Wow, sounds like a really good one!
Loved the fact that she rode with you on a bike, says she's honest and trusts him.

I wouldn't worry about him so much as I would about your riding. He sounds great, but even the best horses can develop bad habits with inexperienced riders. Make sure you have a trainer teach you how to properly correct that behavior. The fact that he rode out without the mare says he's very well trained! When you have some more experience with him you will be able to tell when is going to not listen to you. you'll be able to keep him from taking those steps probably before he does it. Ex asking for his head, flexing, backing and from the sound of him just a stern woah.

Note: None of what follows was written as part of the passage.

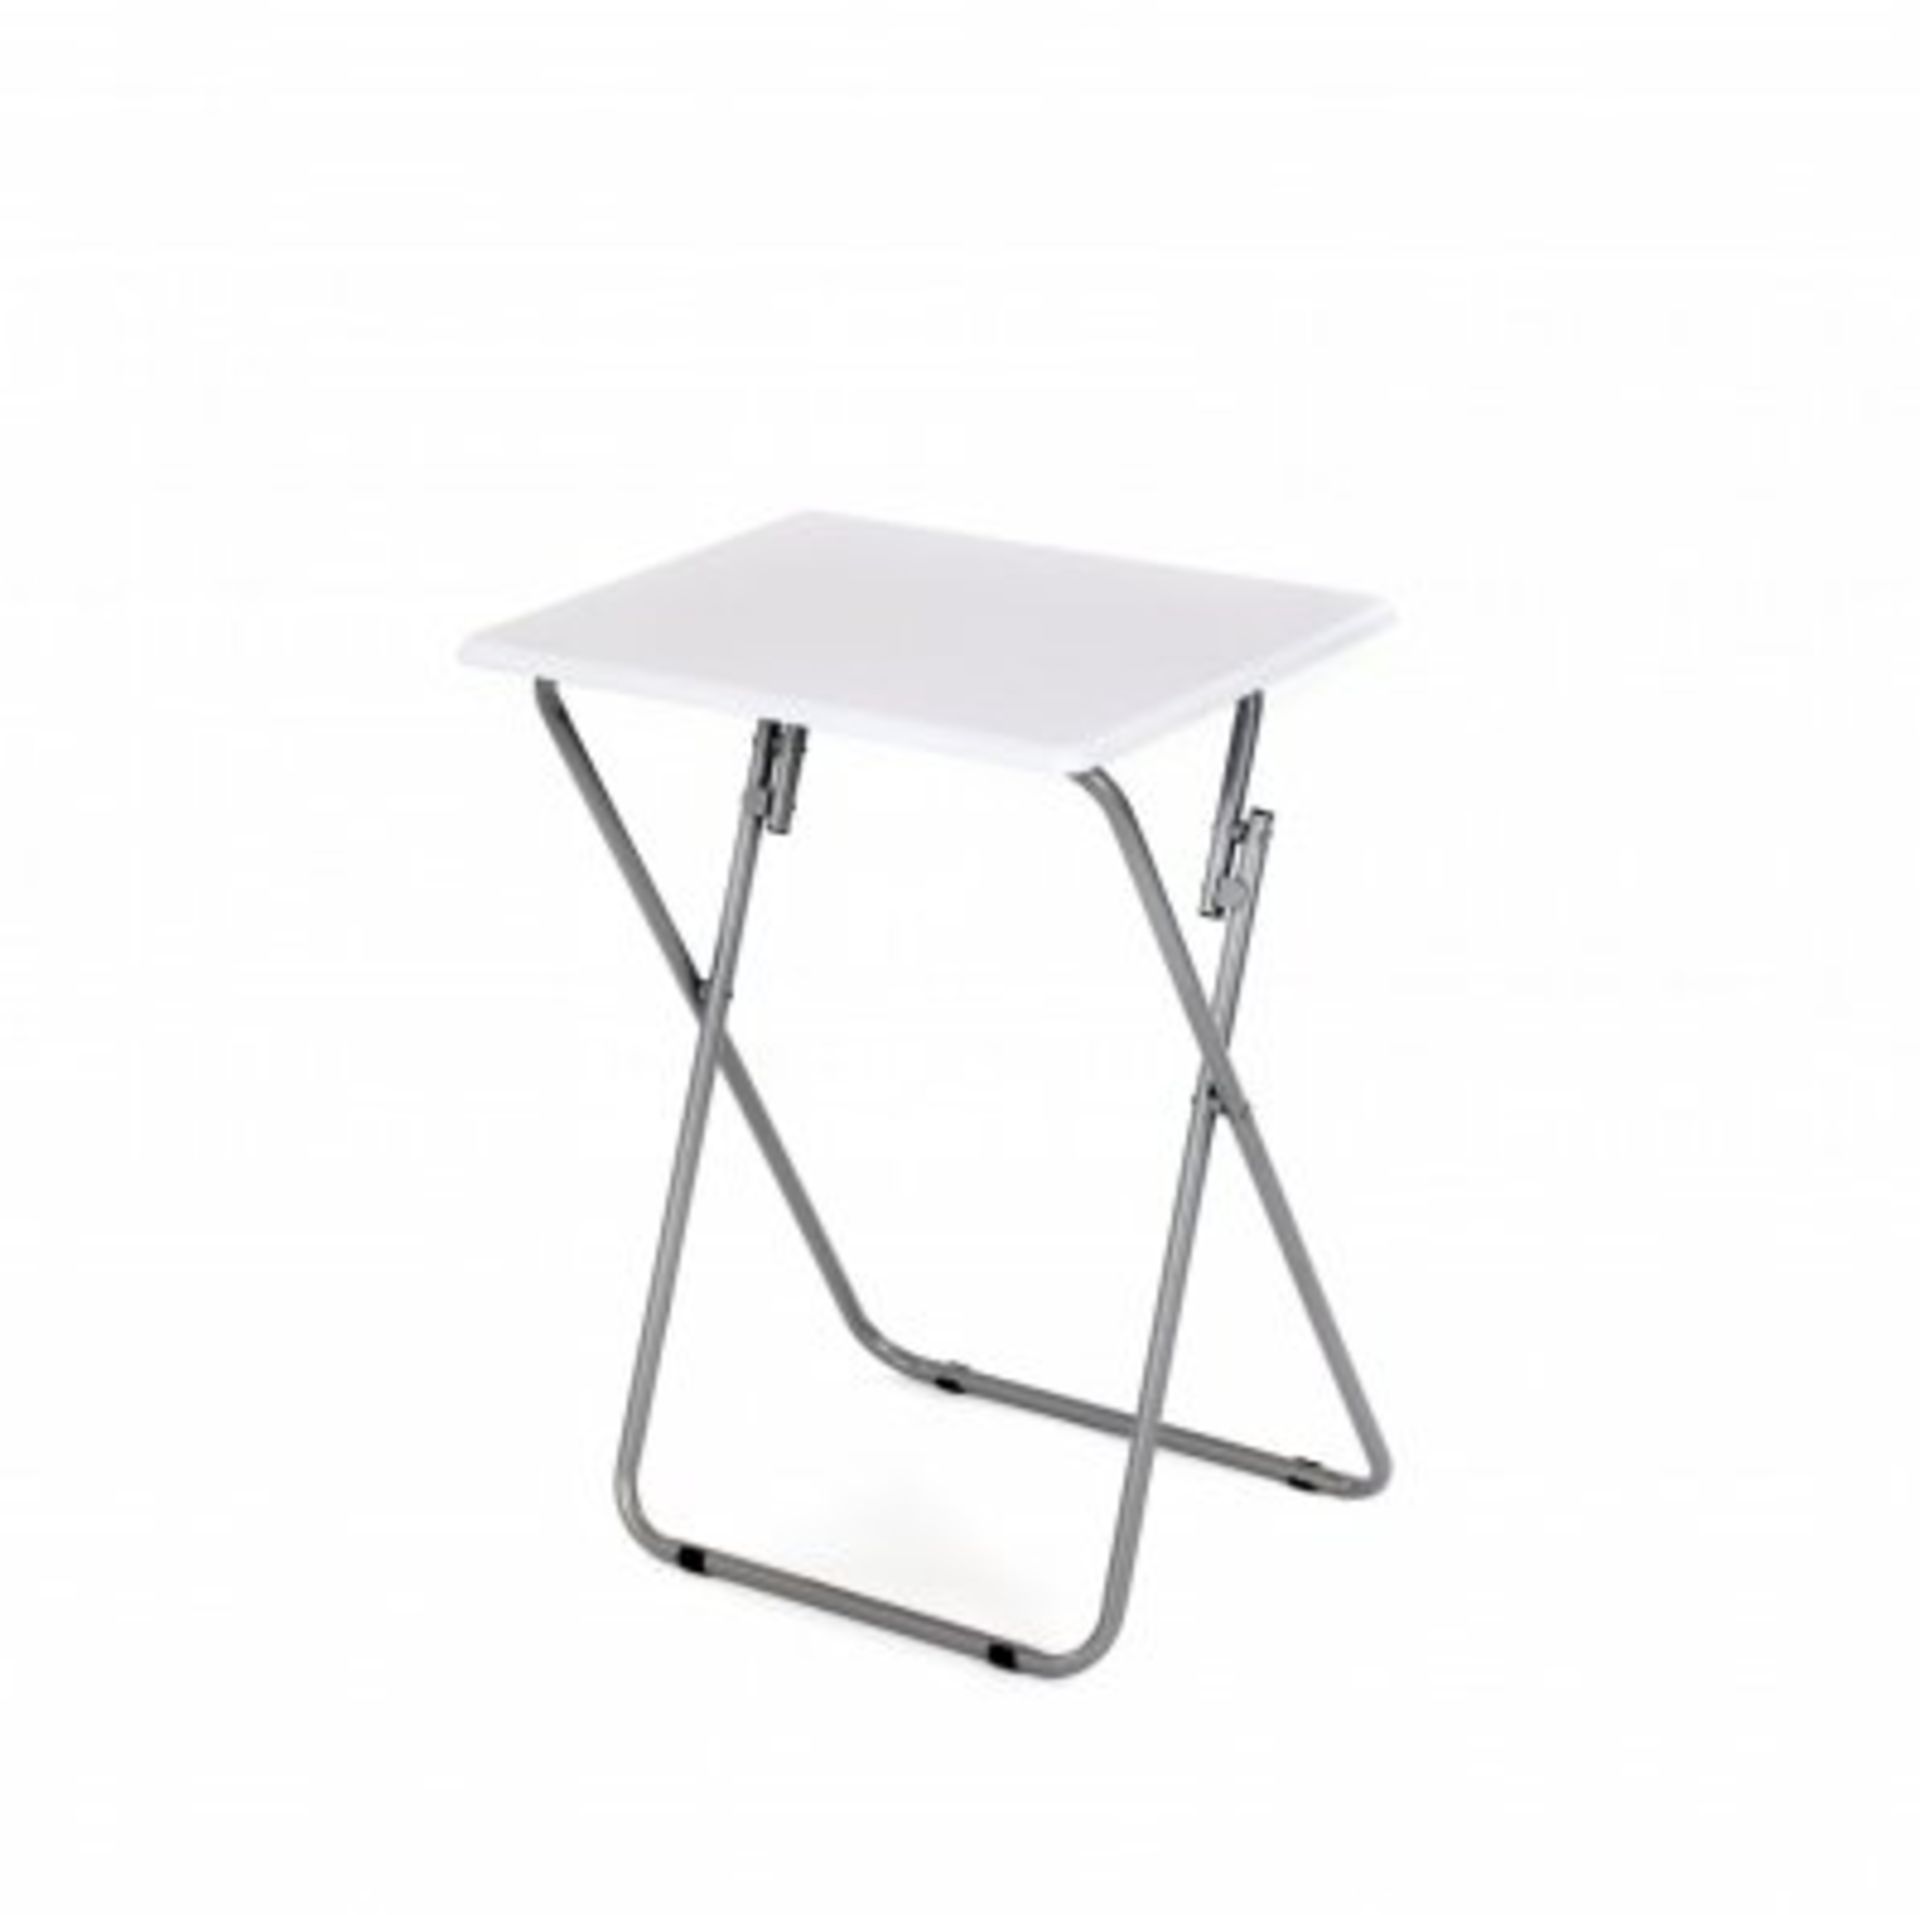 (LF24) Lightweight Portable Folding Snack Laptop TV Tray Table Desk The folding table is ide...

Good luck!! Can't wait for pictures!!! He sounds awesome!
_Posted via Mobile Device_


----------



## Saddlebag (Jan 17, 2011)

I'd suggest you ride him a few more times before calling the vet. One ride doesn't tell you anything. He may very well turn into a different horse when you take him home. Be sure to give him several weeks to settle in. Spend time with him, take him for walks on the lead. It will be all very new to him and he'll be upset about losing his stablemate. Trying to ride him within a day or two is a good way to get hurt. I suspect you don't have a lot of experience.


----------



## DraftyAiresMum (Jun 1, 2011)

Sounds like he's herd bound, which isn't uncommon at all. Nothing to worry about, but it'll take some time and working with him to get him comfortable away from his normal "herd." 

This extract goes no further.